__Data for processing__
*****
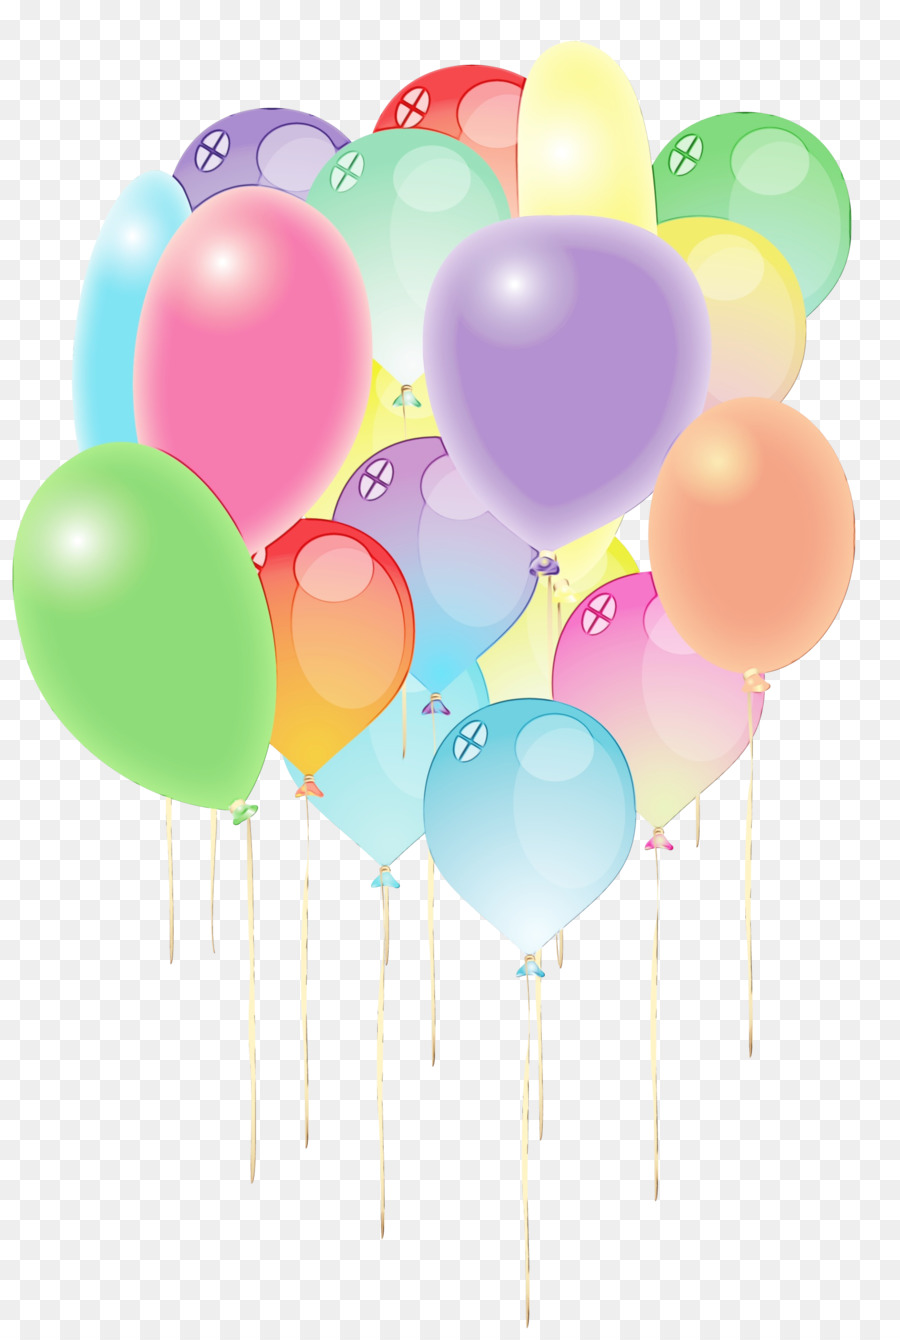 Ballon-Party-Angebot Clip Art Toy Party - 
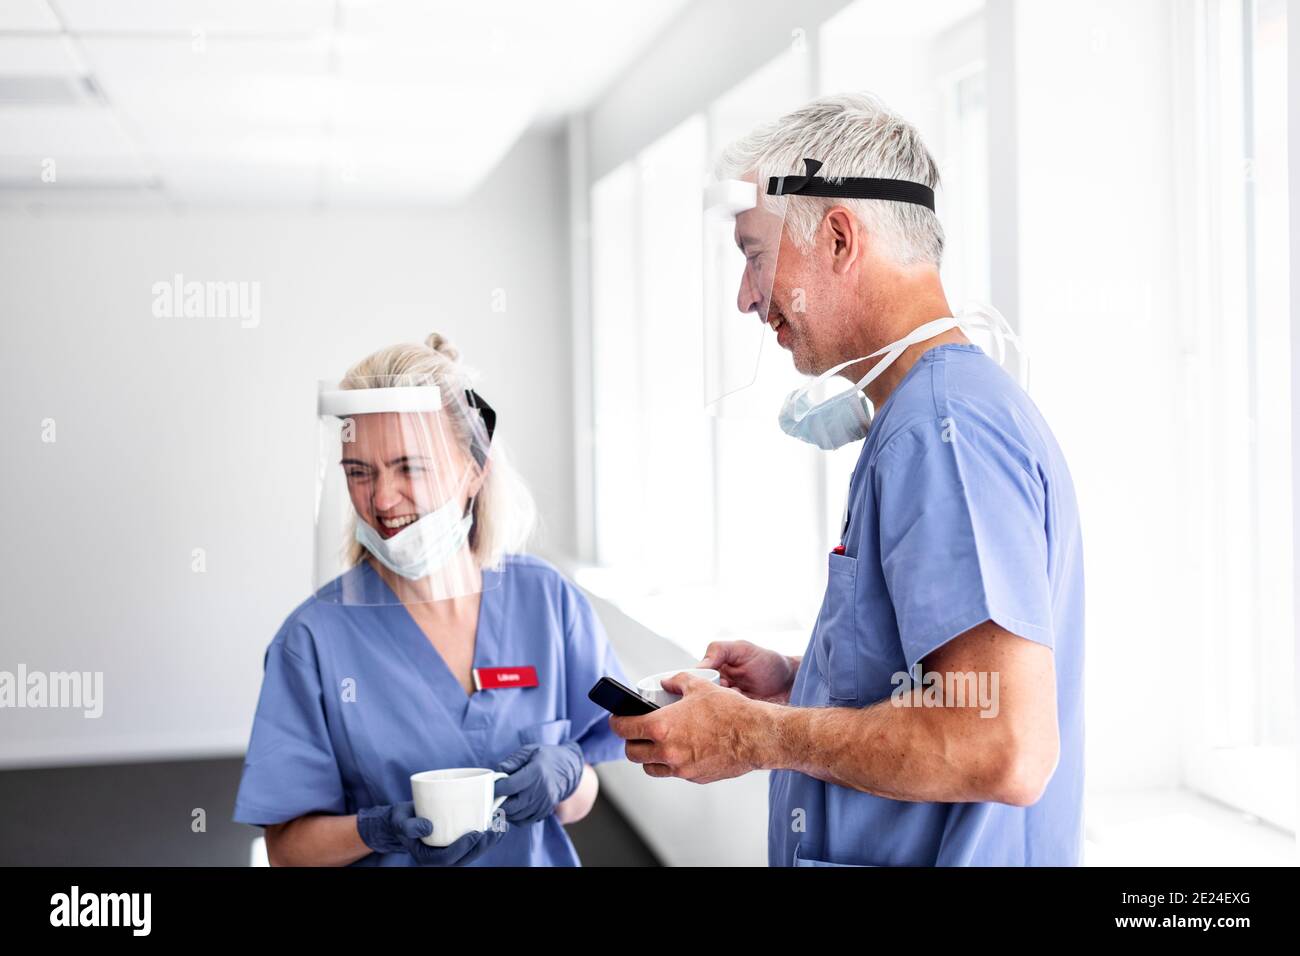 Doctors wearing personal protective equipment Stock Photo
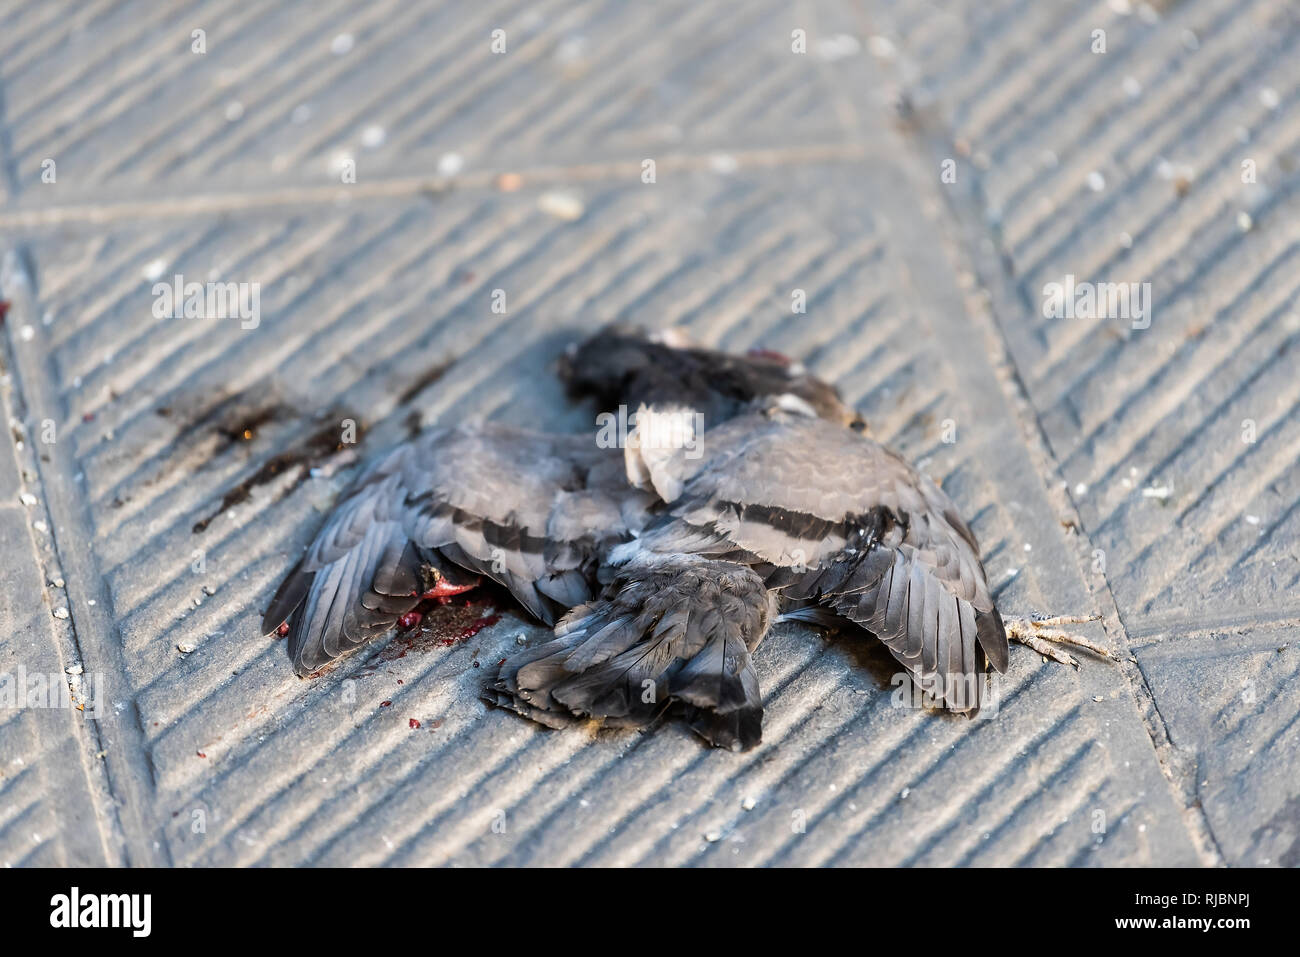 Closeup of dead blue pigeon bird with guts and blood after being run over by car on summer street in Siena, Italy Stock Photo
*****
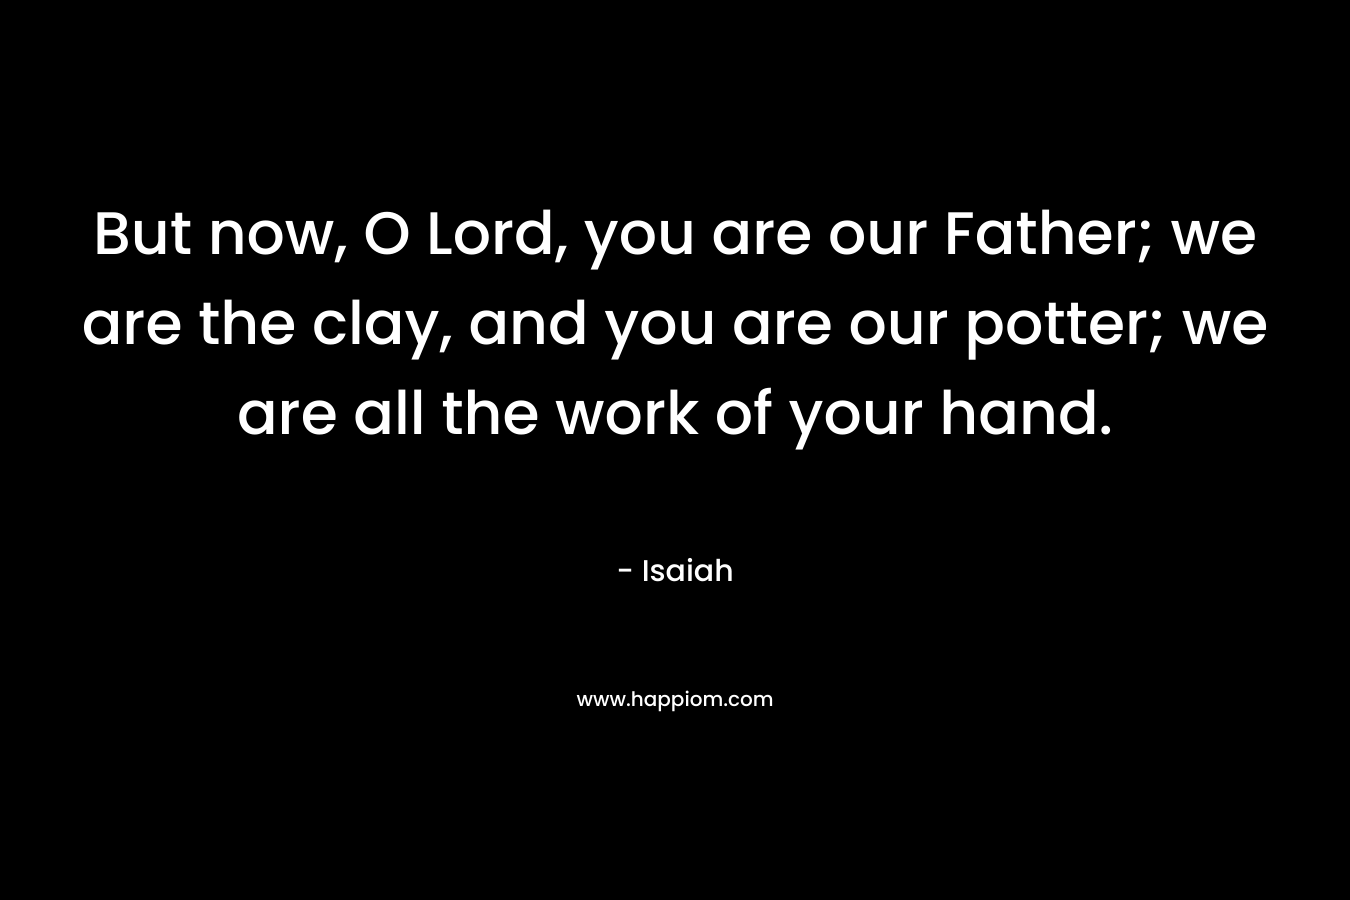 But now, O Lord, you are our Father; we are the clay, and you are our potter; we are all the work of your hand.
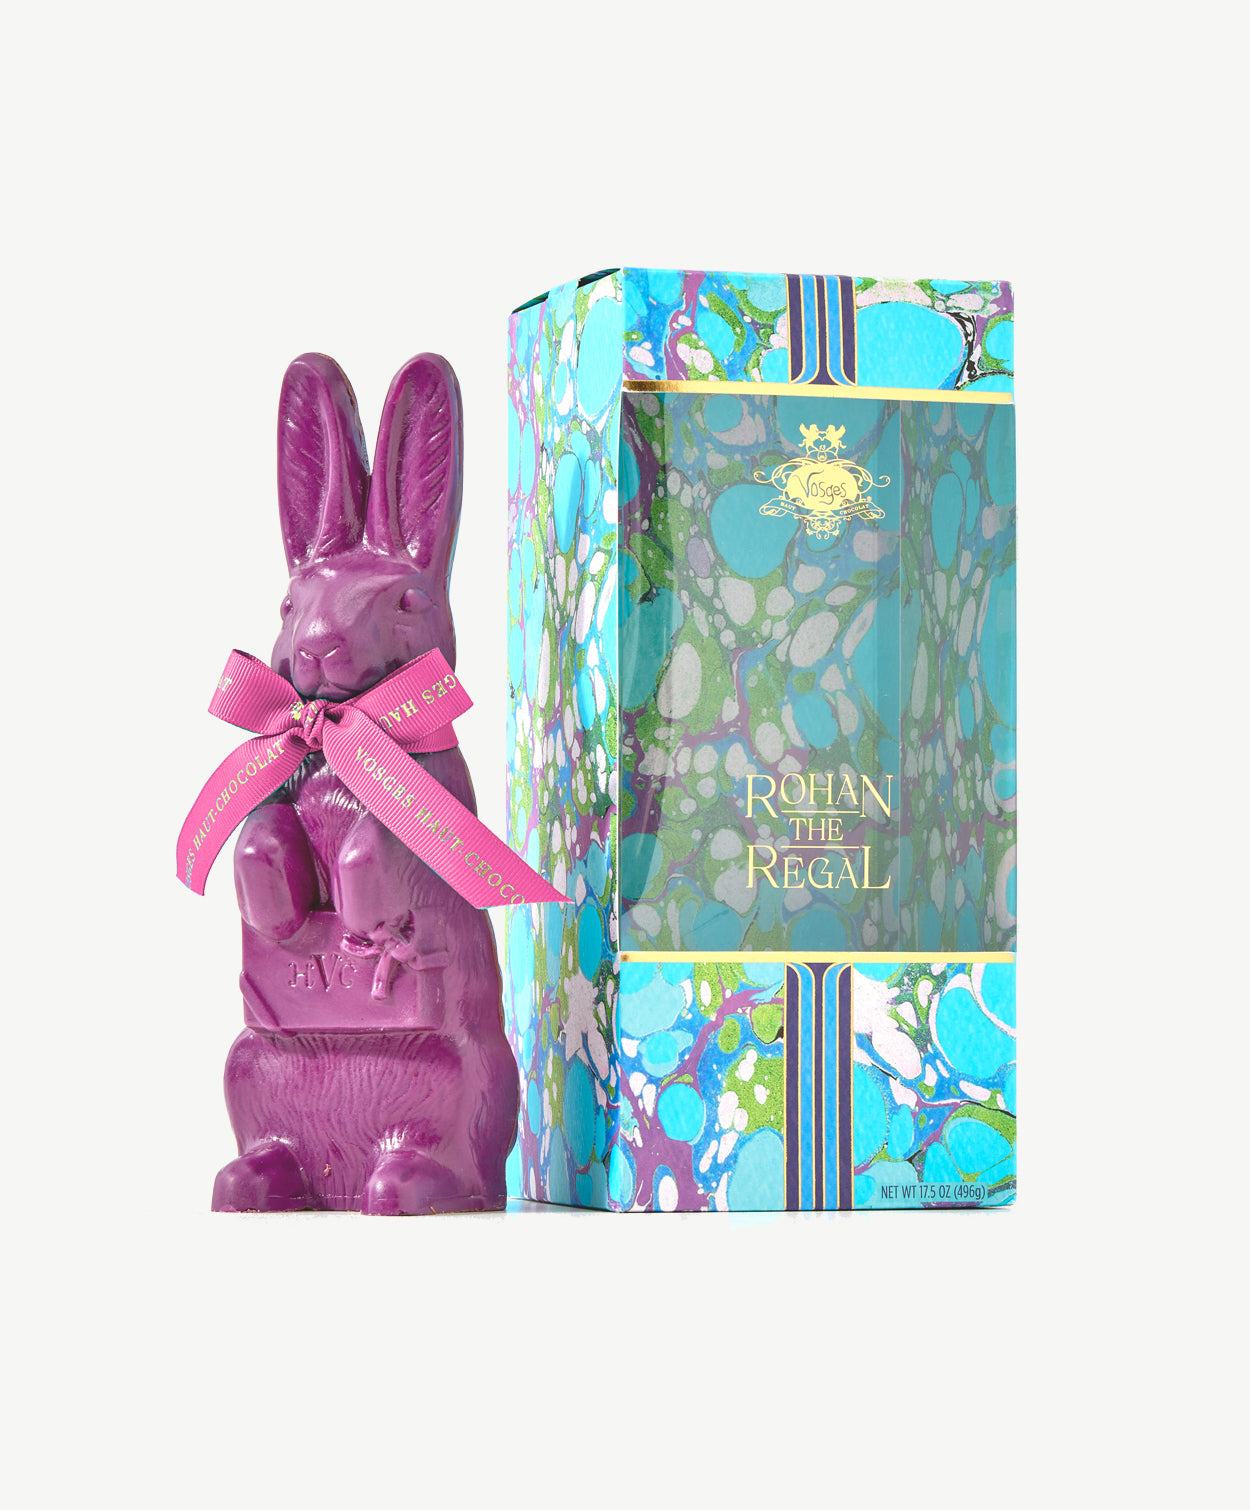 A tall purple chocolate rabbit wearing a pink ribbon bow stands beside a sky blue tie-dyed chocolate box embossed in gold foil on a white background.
*****
Would you write out exactly the lines above, starting at the line containing "Ballon-Party-Angebot Clip Art" and stopping after the line containing "Closeup of dead"? Omit the pictures.

__Task response__
 Ballon-Party-Angebot Clip Art Toy Party - 
 Doctors wearing personal protective equipment Stock Photo
 Closeup of dead blue pigeon bird with guts and blood after being run over by car on summer street in Siena, Italy Stock Photo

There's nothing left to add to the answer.